The FDA is also involved in preparedness for national emergencies, whether from new infectious disease agents, nuclear disasters, or terrorist events. In addition, we need to continue to anticipate these dangers to public health. Our division is particularly involved in countermeasures for acute radiation emergencies. We just recently approved a drug against myelosuppression induced by acute radiation syndrome. This work is based on collaboration between the public sector and various levels of the government.

Dr. Hope: We have to come to the conclusion. I would like to thank you for your encouragement, support, and collaboration. The agency can help with bringing forward products that improve patient care. I really appreciate that you as an individual and your department have helped patients overall.
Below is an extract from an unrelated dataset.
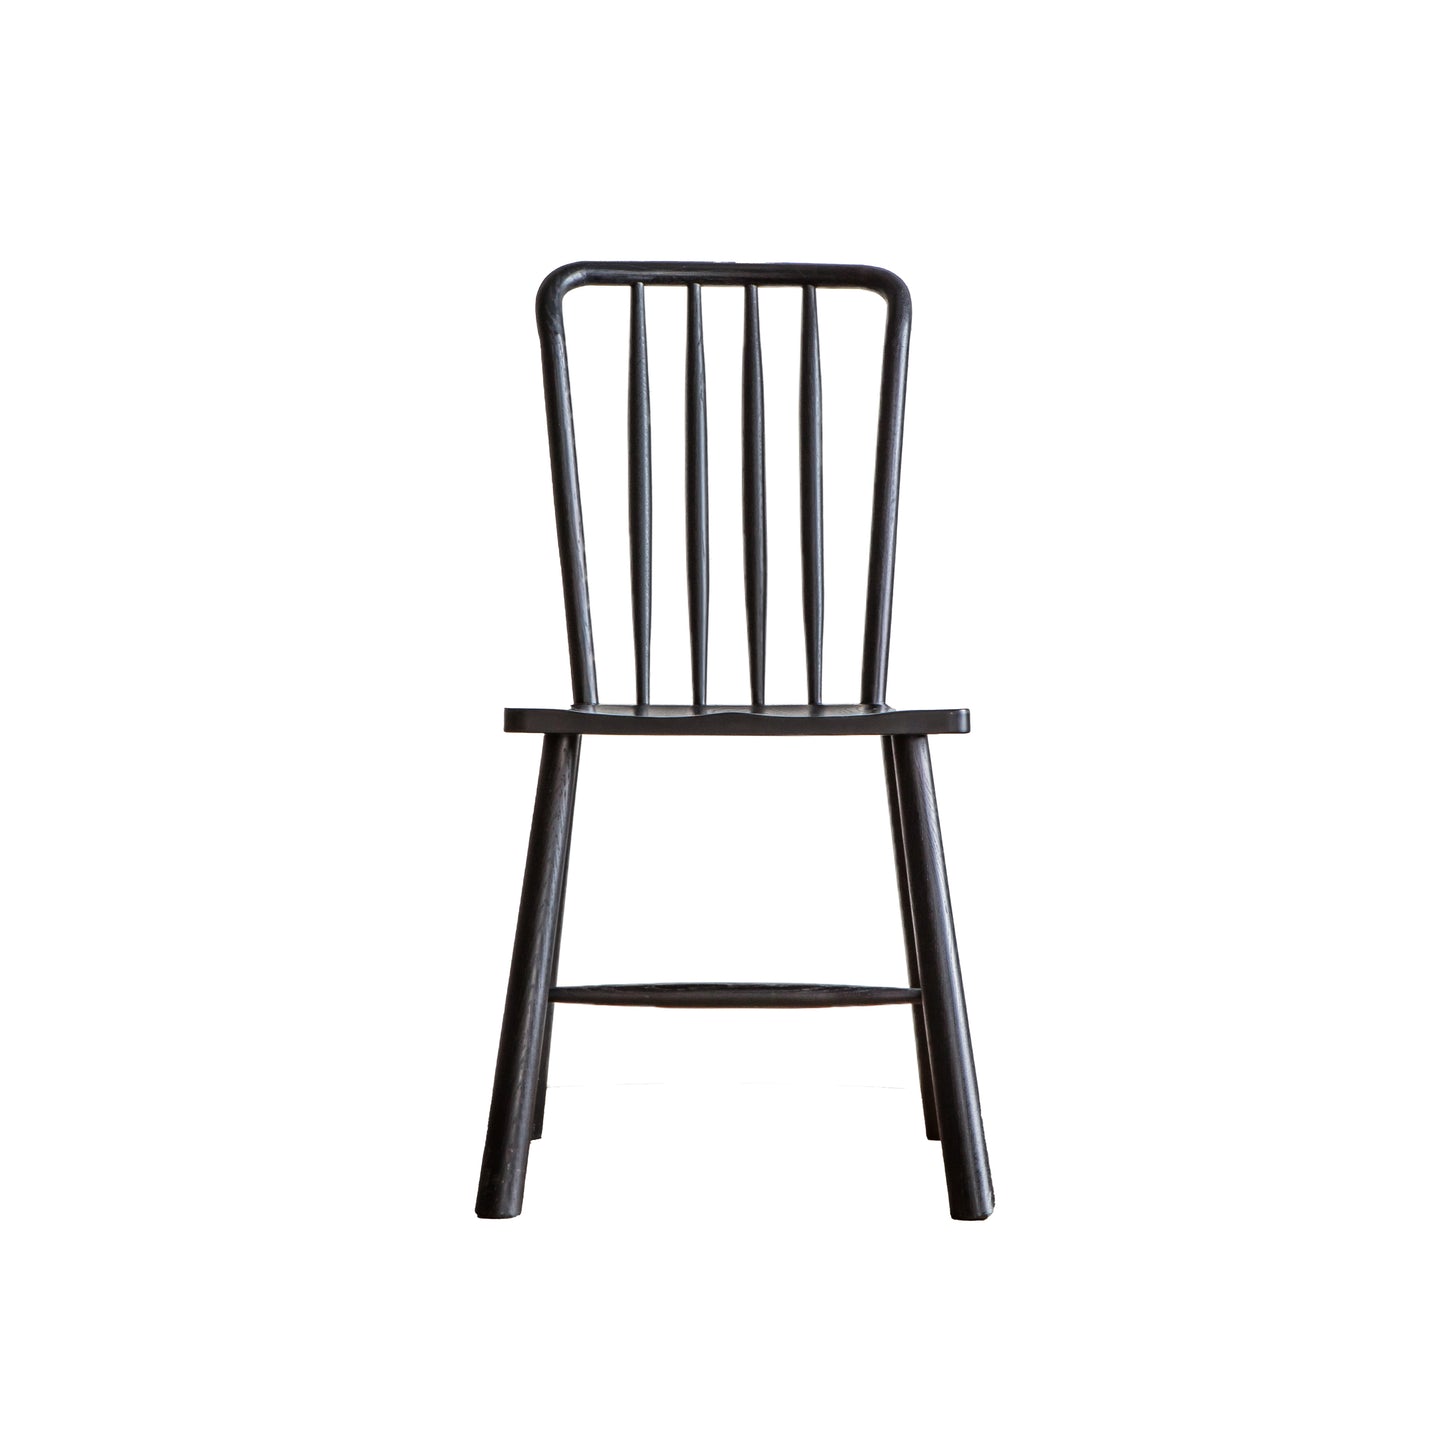 A black Tigley Dining Chair set by Kikiathome.co.uk showcased on a white background, perfect for interior decor and home furniture.

Dr. Marzella: I’d be interested in further discussions, maybe workshops. What can we do to promote drug development? If I may, I’d also like to advertise for experienced clinical investigators like you to join the FDA and work with us on developing new drugs.

Dr. Czernin: Thank you very much for your time and insights.

Dr. Marzella: Thank you. I appreciate the discussion and look forward to advancing the development of imaging and radiation medicine agents. Thank you very much for your work.